We Need to Rethink Benchmarking in Anomaly Detection
This is a position paper that critiques evaluation methods for anomaly detection, which is incremental in proposing improvements rather than new algorithms.
The paper argues that stagnation in anomaly detection progress is due to limitations in current benchmarking practices, which fail to capture the diversity of anomalies across applications like predictive maintenance and scientific discovery.

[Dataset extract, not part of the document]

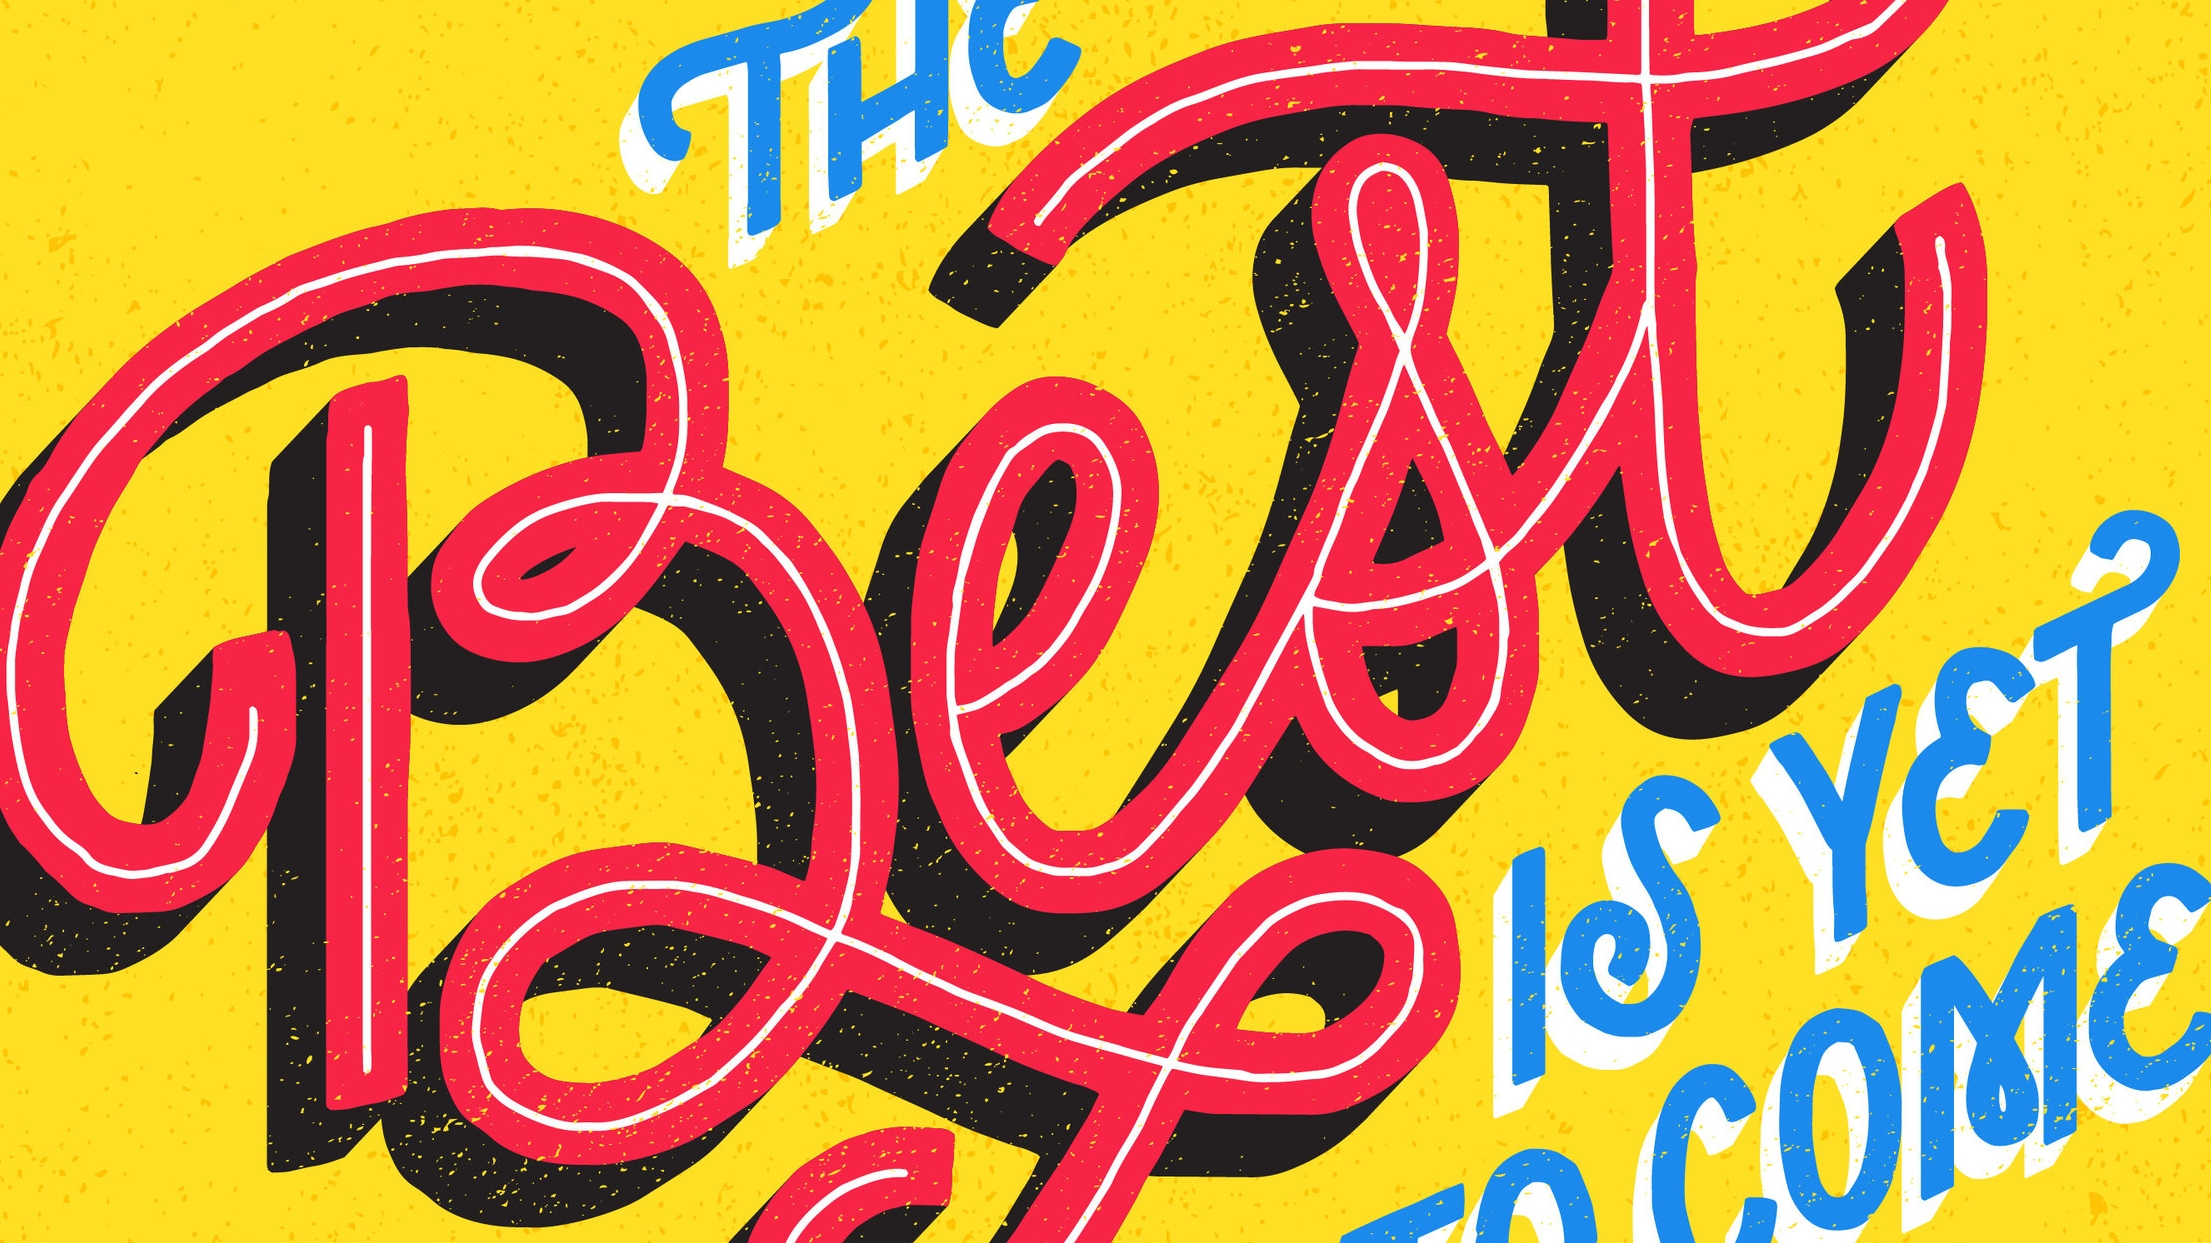 TheBest-02.jpg

Despite the continuous proposal of new anomaly detection algorithms and extensive benchmarking efforts, progress seems to stagnate, with only minor performance differences between established baselines and new algorithms. In this position paper, we argue that this stagnation is due to limitations in how we evaluate anomaly detection algorithms. Current benchmarking does not, for example, sufficiently reflect the diversity of anomalies in applications ranging from predictive maintenance to scientific discovery. Consequently, we need to rethink benchmarking in anomaly detection. In our opinion, anomaly detection should be studied using scenarios that capture the relevant characteristics of different applications. We identify three key areas for improvement: First, we need to identify anomaly detection scenarios based on a common taxonomy. Second, anomaly detection pipelines should be analyzed end-to-end and by component. Third, evaluating anomaly detection algorithms should be meaningful regarding the scenario's objectives.